**ACTION ITEM**
In the reply, give back exactly the lines from the one with "100x Halter Quadratisch" through the last line of the records, without pictures.

== RECORDS FOR THE TASK ==

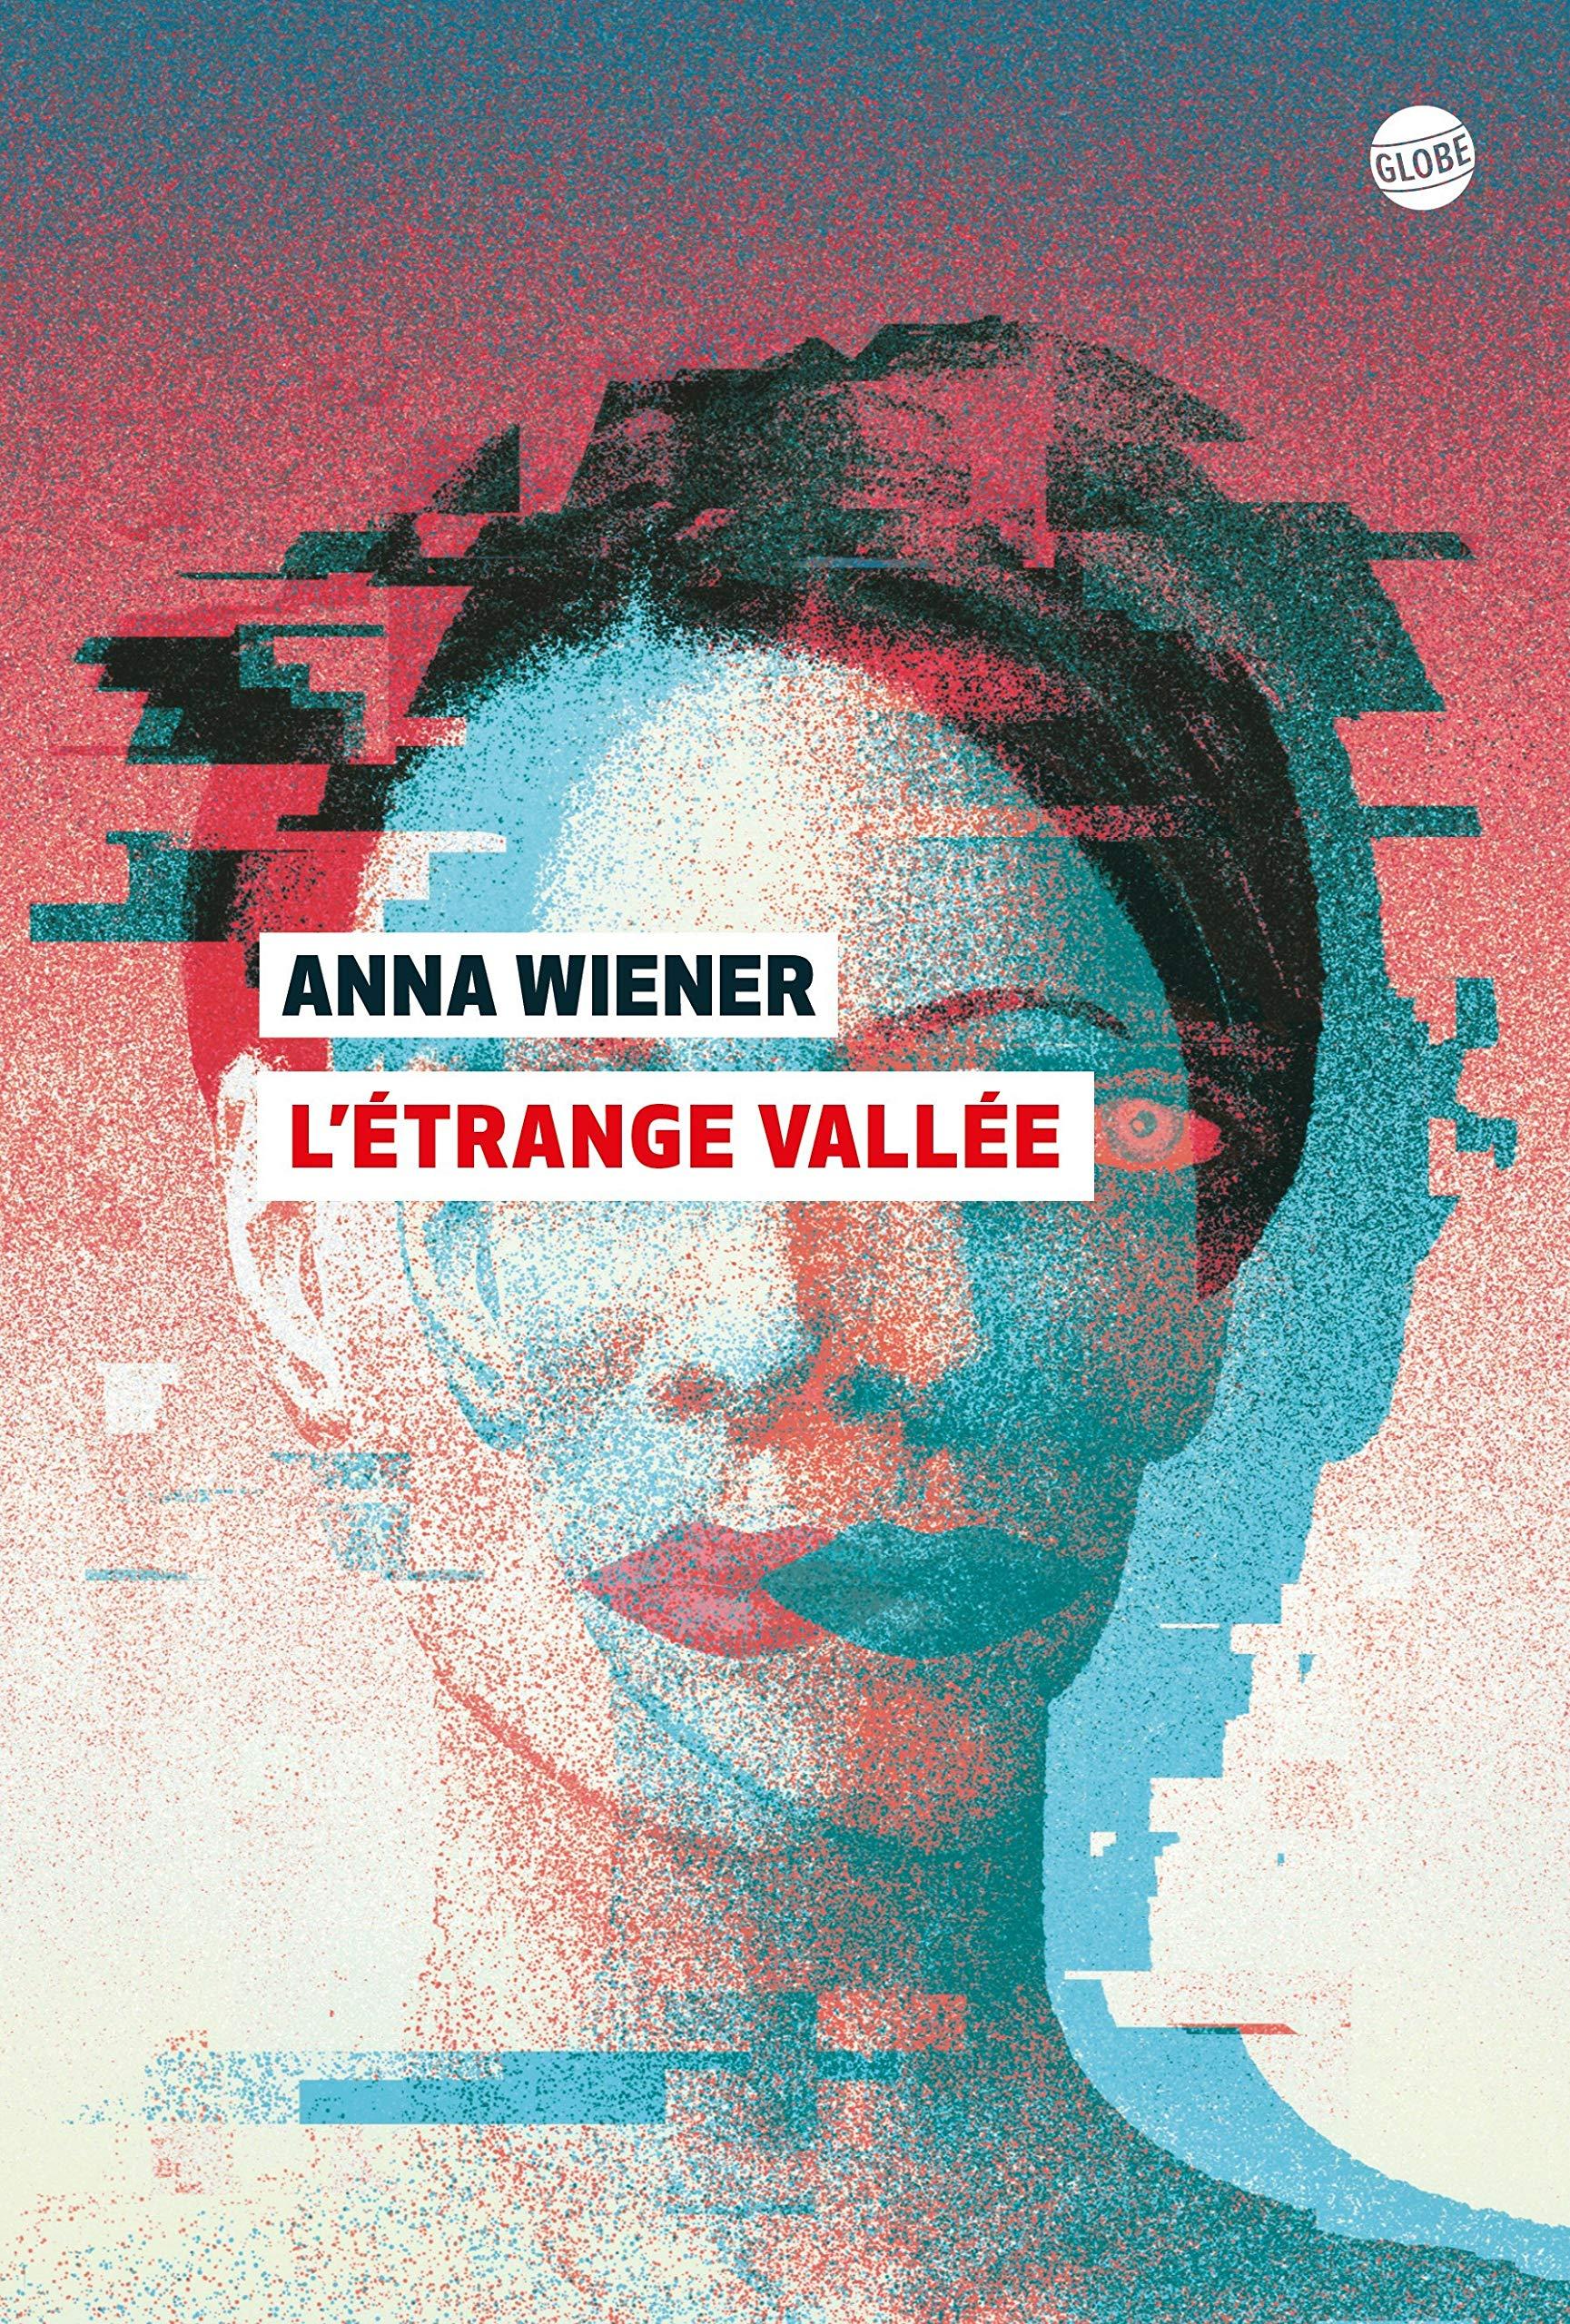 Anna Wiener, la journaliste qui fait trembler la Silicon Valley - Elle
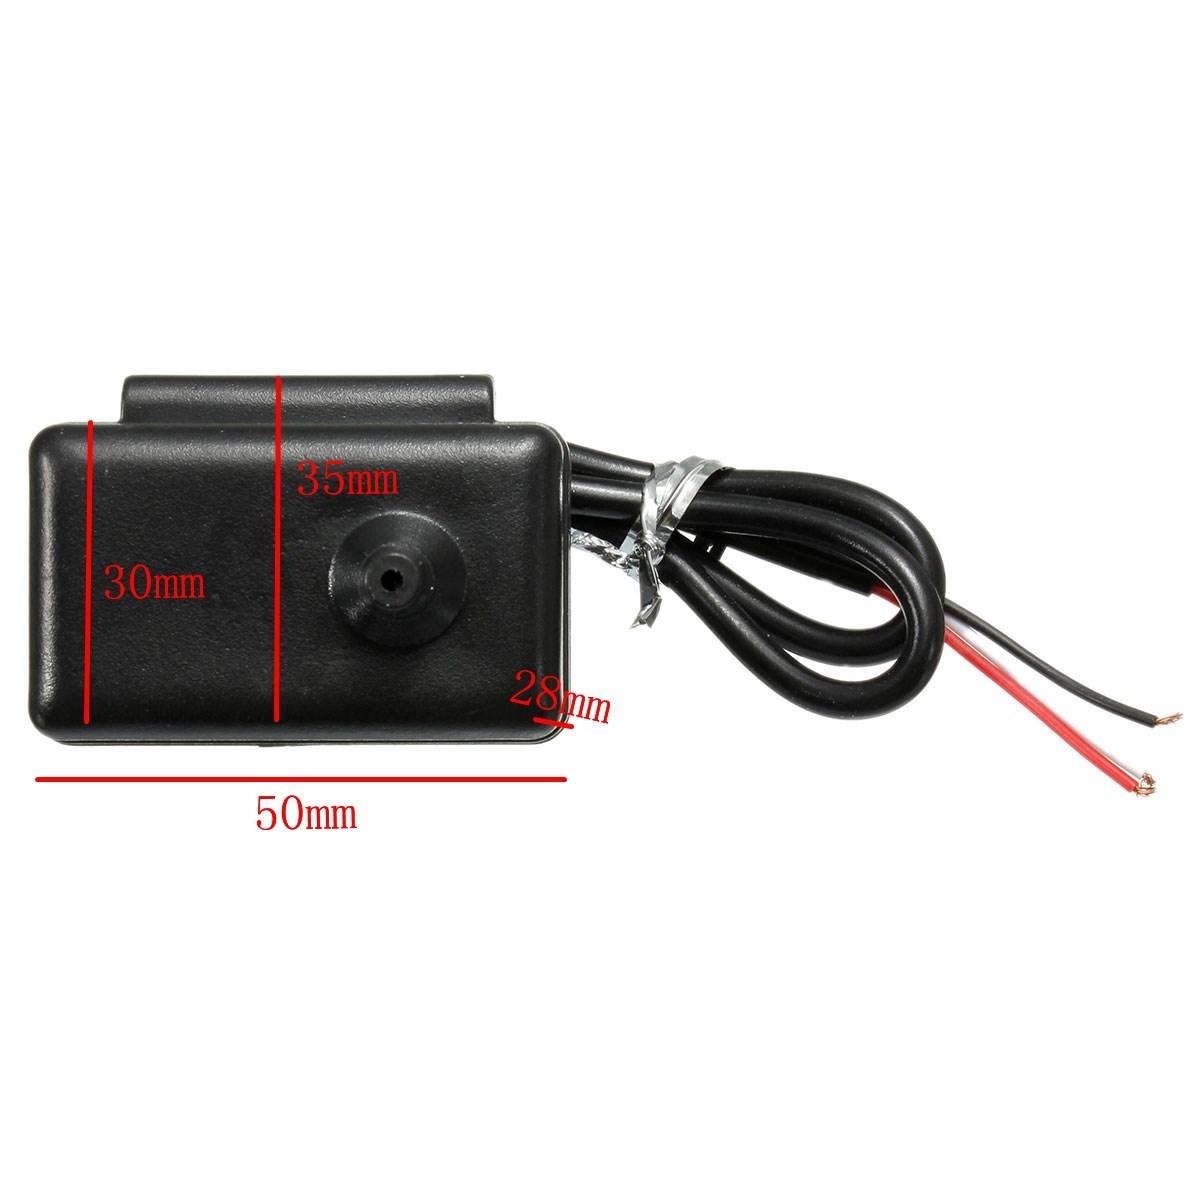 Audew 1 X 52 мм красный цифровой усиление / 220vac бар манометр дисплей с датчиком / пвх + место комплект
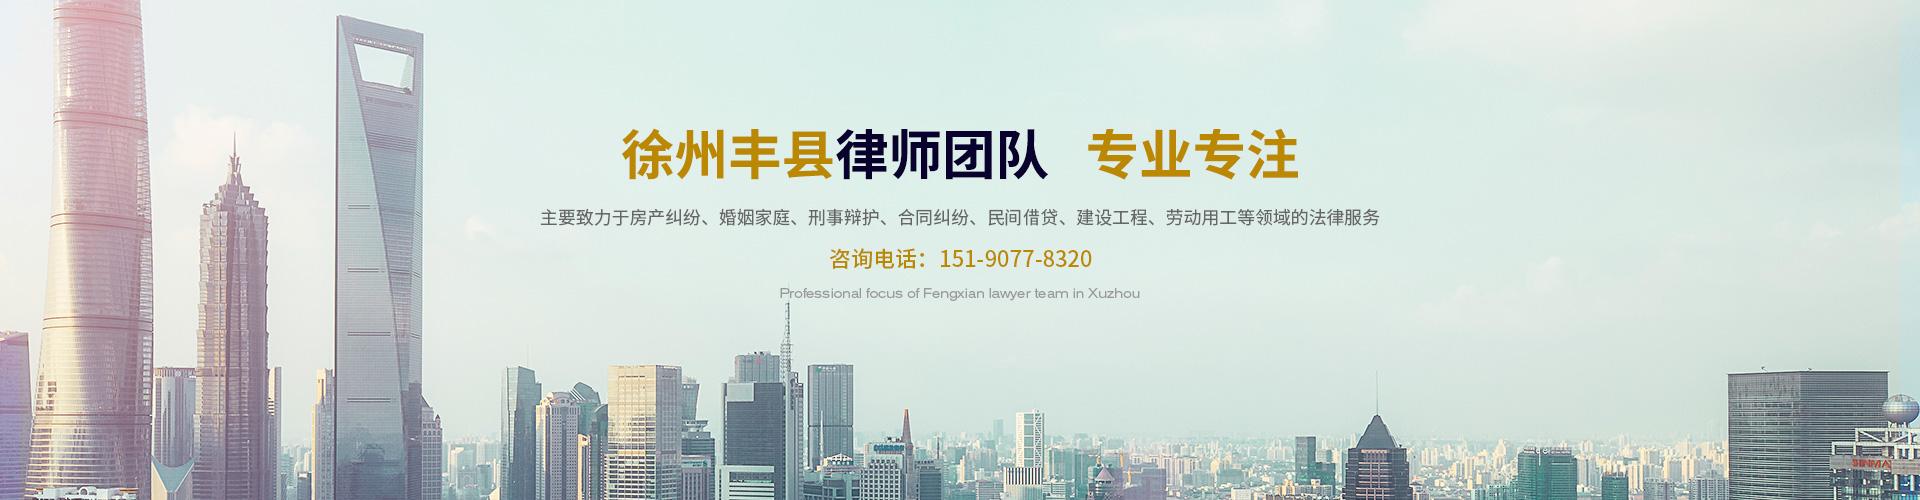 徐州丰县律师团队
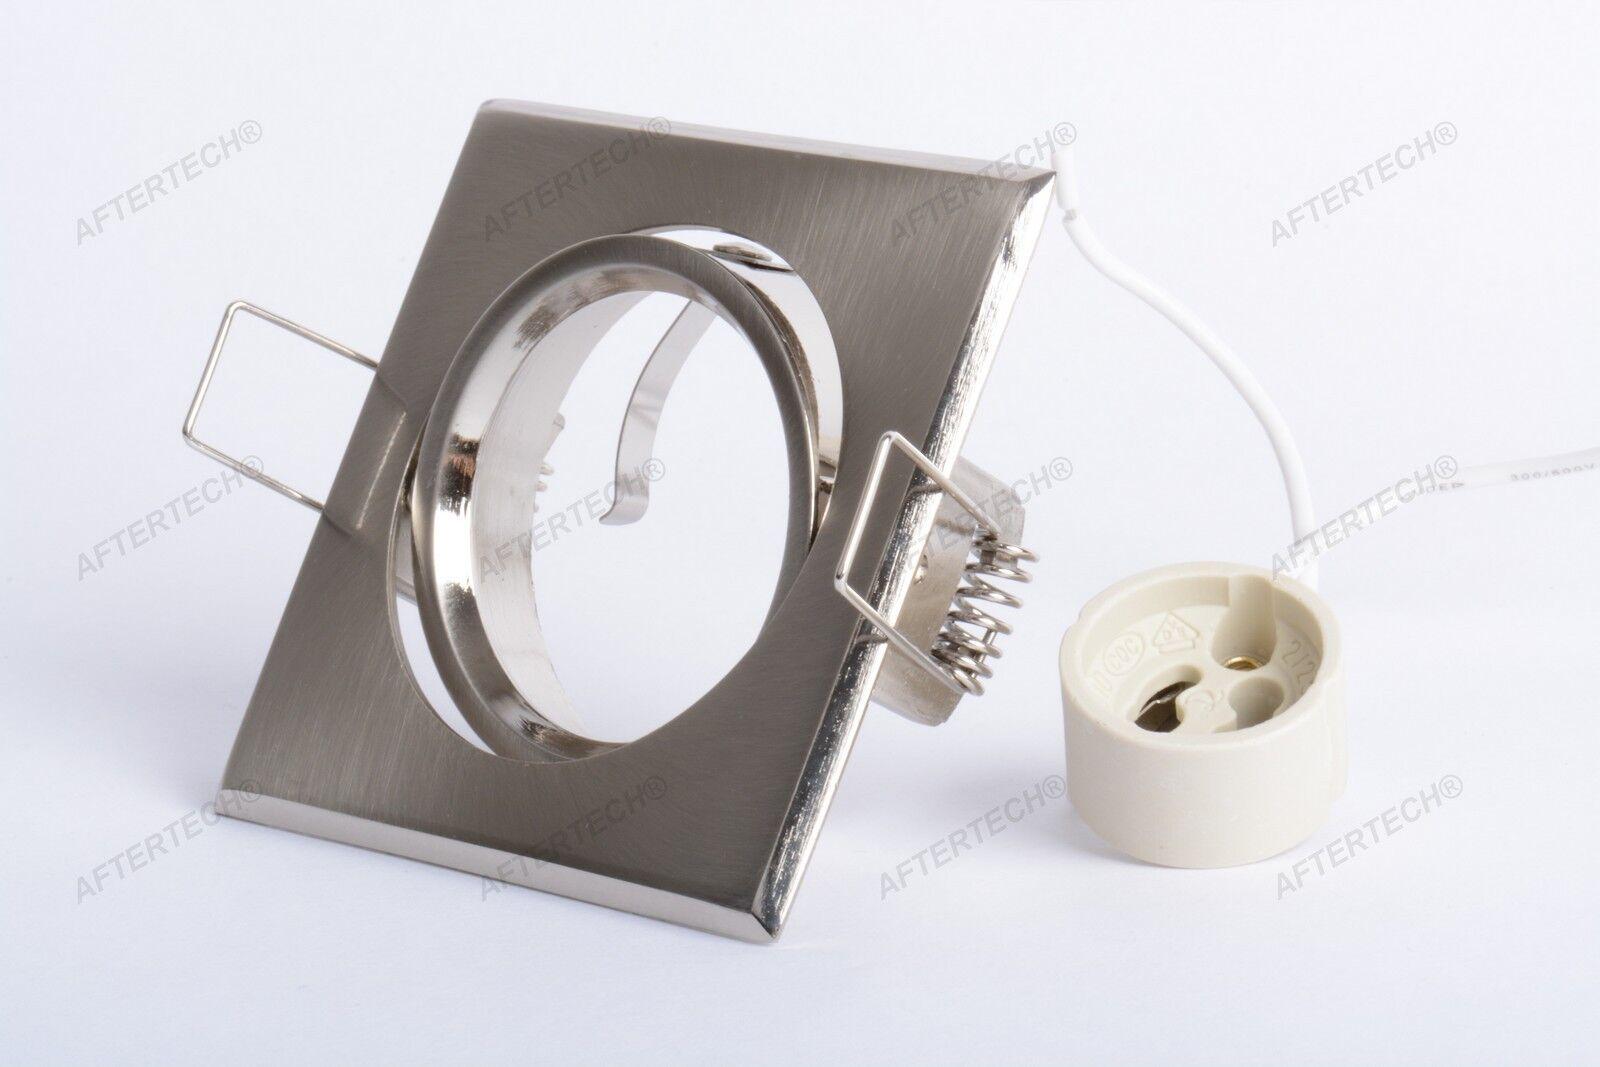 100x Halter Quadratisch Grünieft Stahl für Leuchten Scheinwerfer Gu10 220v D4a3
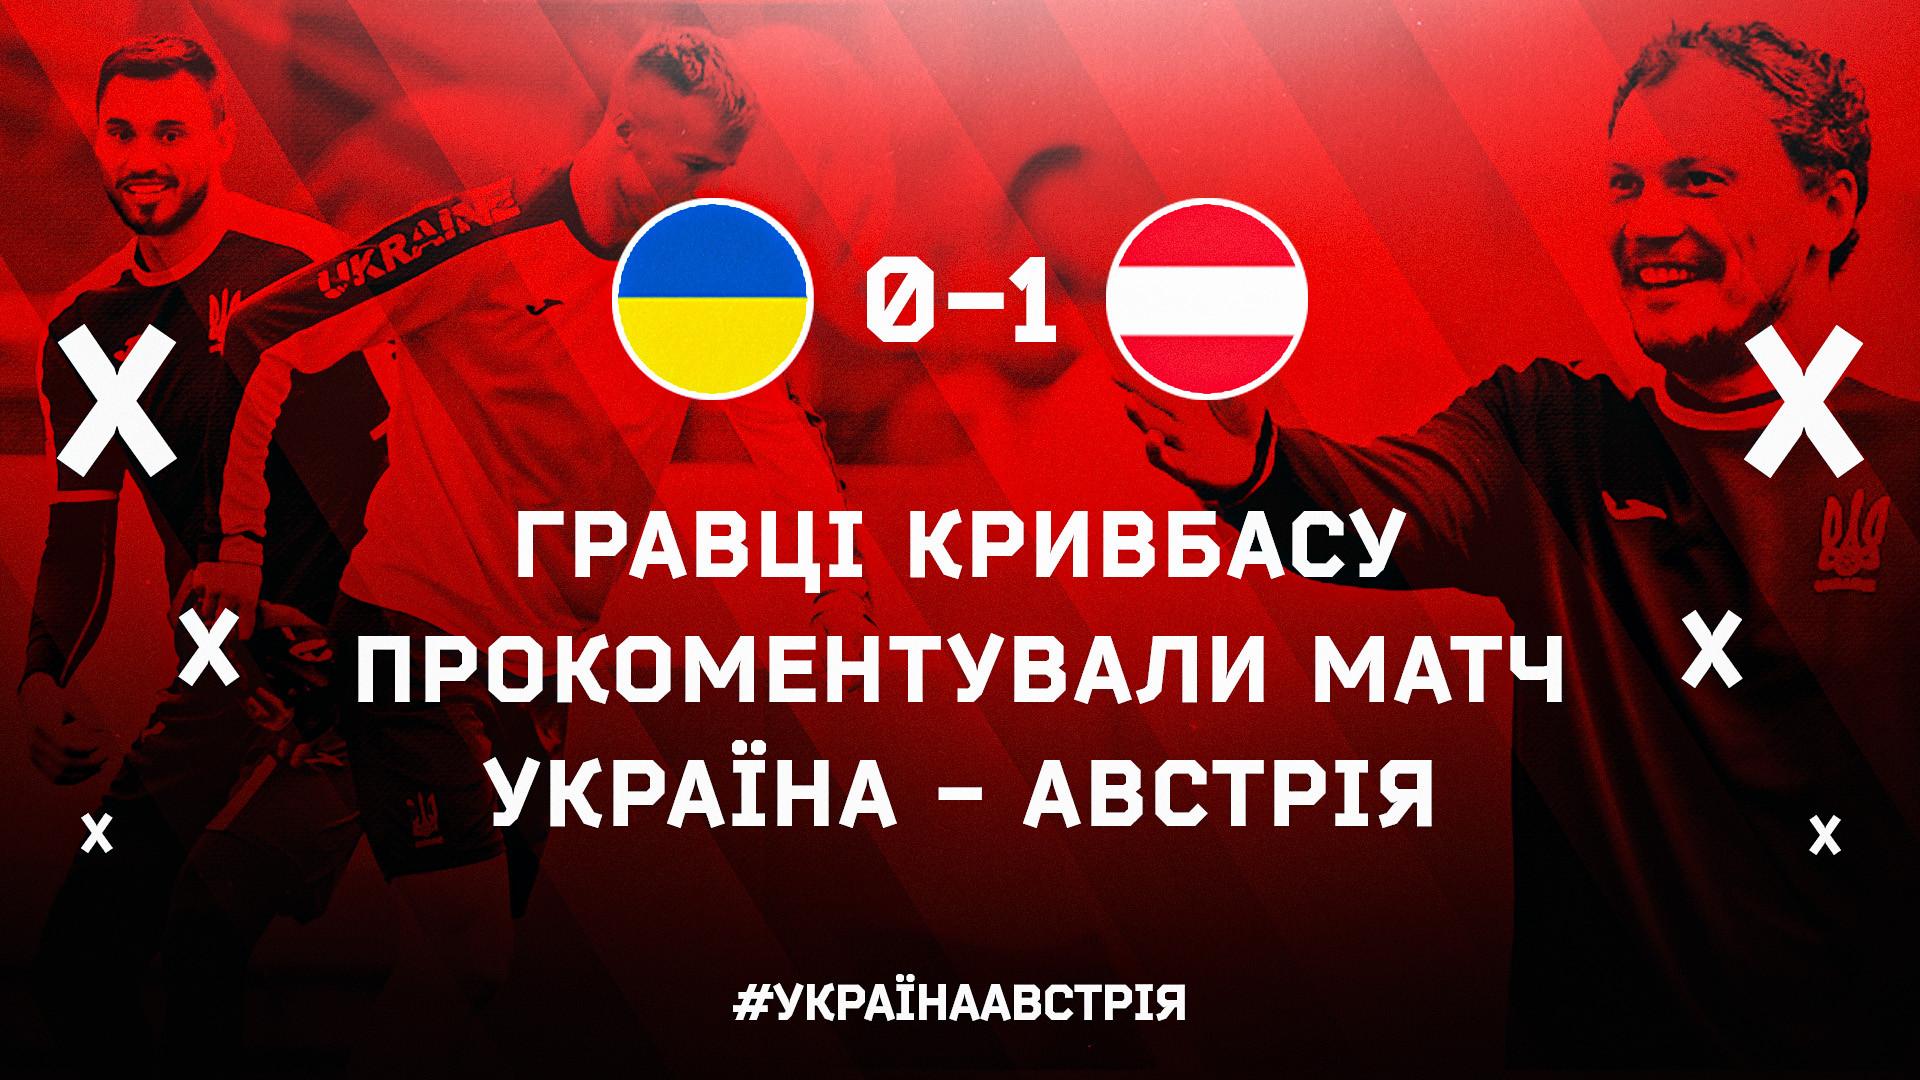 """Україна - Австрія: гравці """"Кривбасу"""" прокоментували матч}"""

===

**RESULT FOR THIS TASK**
 100x Halter Quadratisch Grünieft Stahl für Leuchten Scheinwerfer Gu10 220v D4a3
 """Україна - Австрія: гравці """"Кривбасу"""" прокоментували матч}"""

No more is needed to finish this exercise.